This repository contains the code and data for our NeurIPS 2025 paper:
For Better or for Worse, Transformers Seek Patterns for Memorization
Madhur Panwar, Gail Weiss, Navin Goyal, Antoine Bosselut
@inproceedings{
panwar2025for,
title={For Better or for Worse, Transformers Seek Patterns for Memorization},
author={Madhur Panwar and Gail Weiss and Navin Goyal and Antoine Bosselut},
booktitle={The Thirty-ninth Annual Conference on Neural Information Processing Systems},
year={2025},
url={https://openreview.net/forum?id=98NrkXPRZ9}
}conda env create -f neurips.yml
For synthetic data, we use custom tokenizers depending on whether the data requires only digits, or digits and letters.

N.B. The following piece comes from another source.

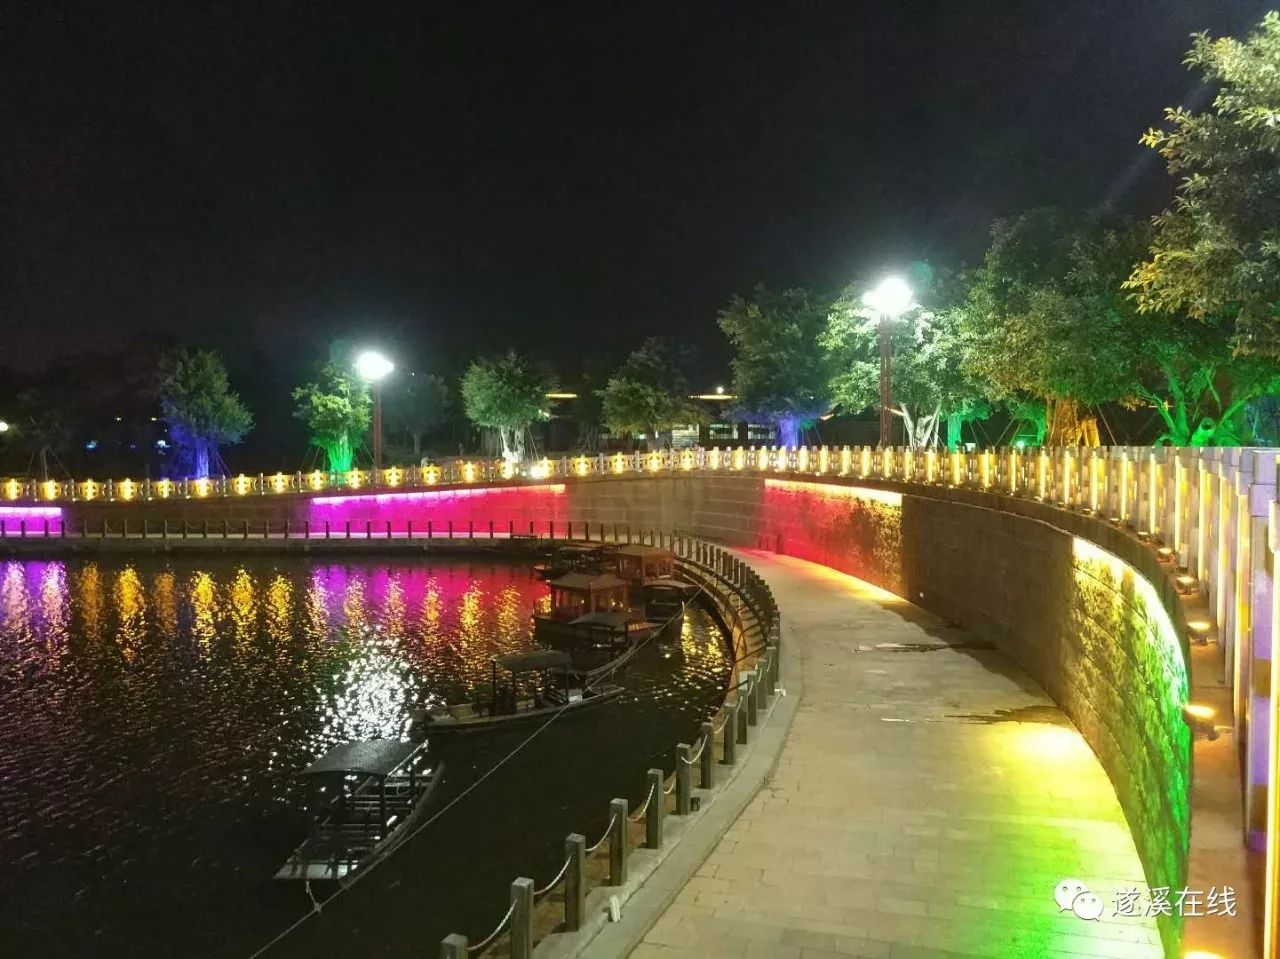 在遂溪,有一种美叫孔子文化城夜景!

The tokenizer files necessary to use them in code as well as the code to create them is placed in tokenizer_local directory.
Synthetic datasets as well as the code to generate them is placed under synthetic_data directory. To generate synthetic datasets, run python generate_synthetic_data.py.
For running WikiText experiments, change appropriate parameters and run run_wikitext.sh:
./run_wikitext.sh
For running experiments with synthetic datasets, change appropriate parameters and run run_synthetic.sh:
./run_synthetic.sh
Code for the plots in the paper is in the notebook plots.ipynb.